Exercise aim: For the records that follow, please set down exactly the lines between the one holding "Love Your Wardrobe" and the one holding "Final Day! 20-30% Off Bedroom Furniture", inclusive, and only those.

Data records:

_ _ _ _ _

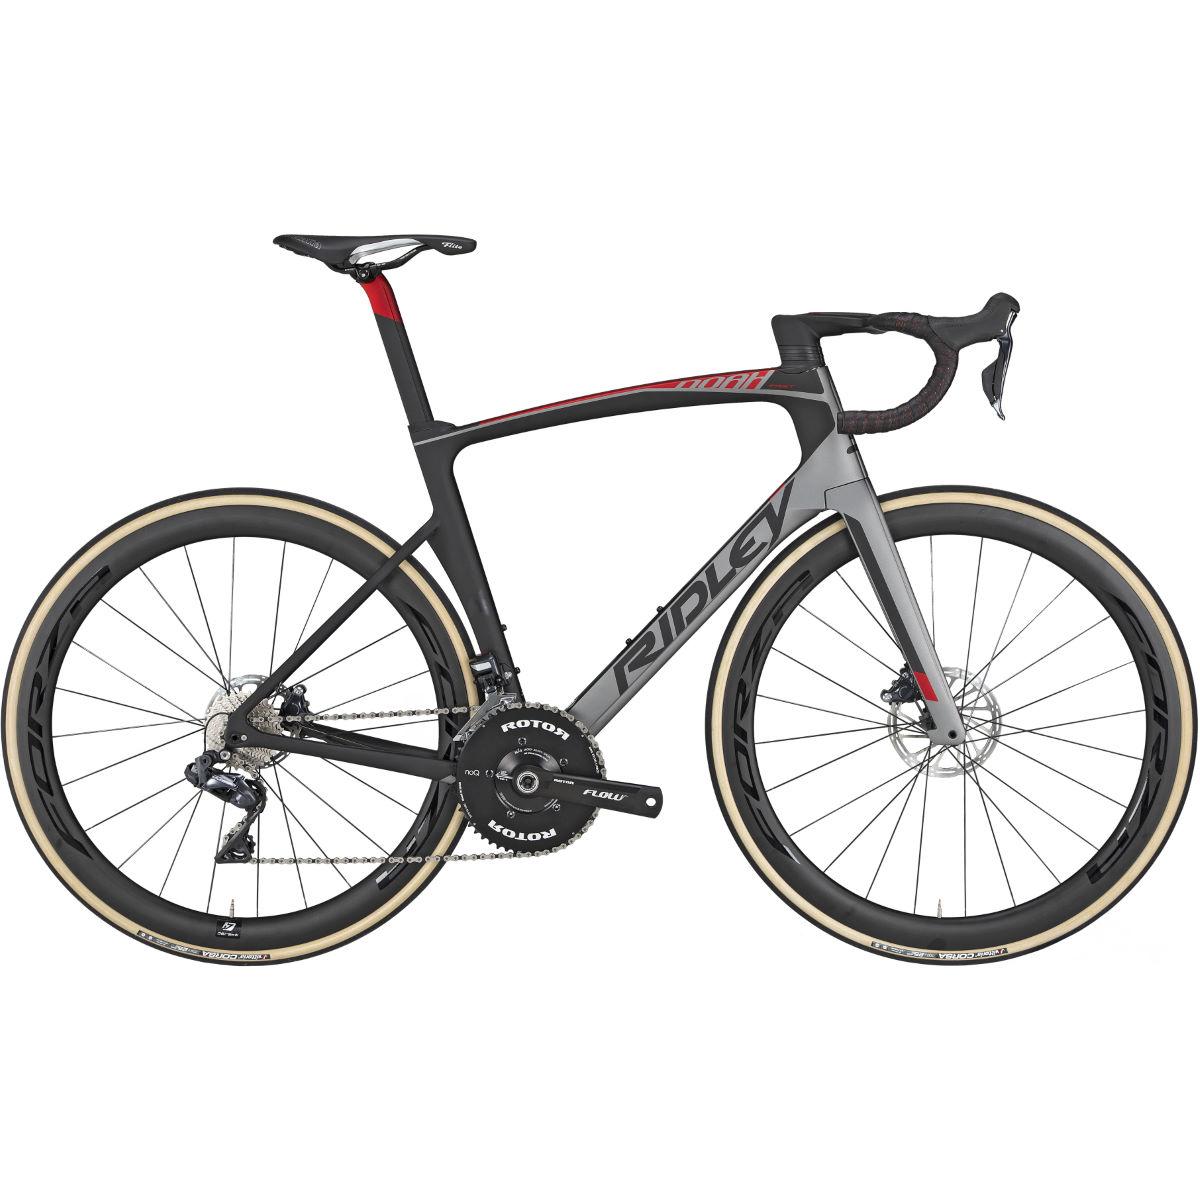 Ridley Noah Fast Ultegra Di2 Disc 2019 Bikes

_ _ _ _ _

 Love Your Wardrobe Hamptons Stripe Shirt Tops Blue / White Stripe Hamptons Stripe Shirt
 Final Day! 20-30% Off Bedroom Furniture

_ _ _ _ _

Output for this exercise:
 Love Your Wardrobe Hamptons Stripe Shirt Tops Blue / White Stripe Hamptons Stripe Shirt
 Final Day! 20-30% Off Bedroom Furniture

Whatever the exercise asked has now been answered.